Ich verwende seit vielen Jahren auf unserem Boot ein mobiles 100W Taschenmodul. Es hat eine festinstallierte Steckdose, in die das Kabel vom Laderegler eingestöpselt wird. Ich ziehe jeden Abend noch vor Sonnenuntergang das Kabel ab und verstaue des Modul bis zum nächsten Tag im Boot.

Auf dem Modul befindet sich an der Steckdose ein Warnhinweis, dass man beim Abziehen des Steckers keine Kontakte berühren soll. Das ist alles.
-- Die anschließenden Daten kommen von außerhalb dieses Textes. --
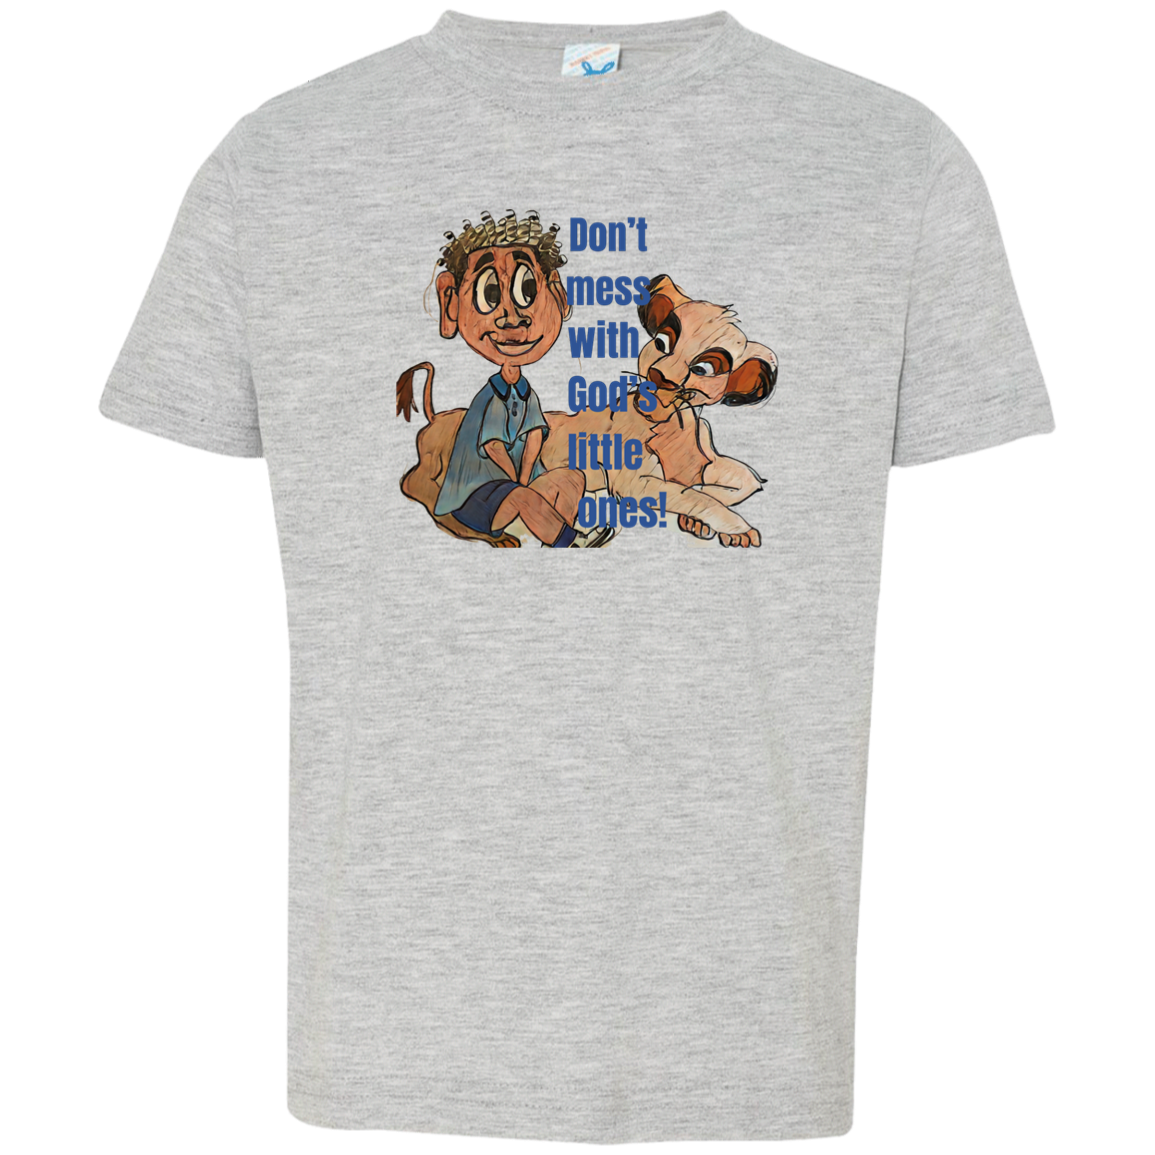 Don't mess with God's little ones Toddler Jersey T-Shirt

Das Verstauen ist ja auch Sinn eines mobilen Moduls und es hat keine Speichereigenschaften.

frankkk am 11 Feb 2022 20:37:45

Xylimax hat geschrieben:Nun meine Frage ob ich das Solarmodul jetzt am Abend risikolos wieder entkabeln vom Dach nehmen und vorerst wieder für die nächsten Wochen eintüten kann oder ist noch Reststrom im Modul?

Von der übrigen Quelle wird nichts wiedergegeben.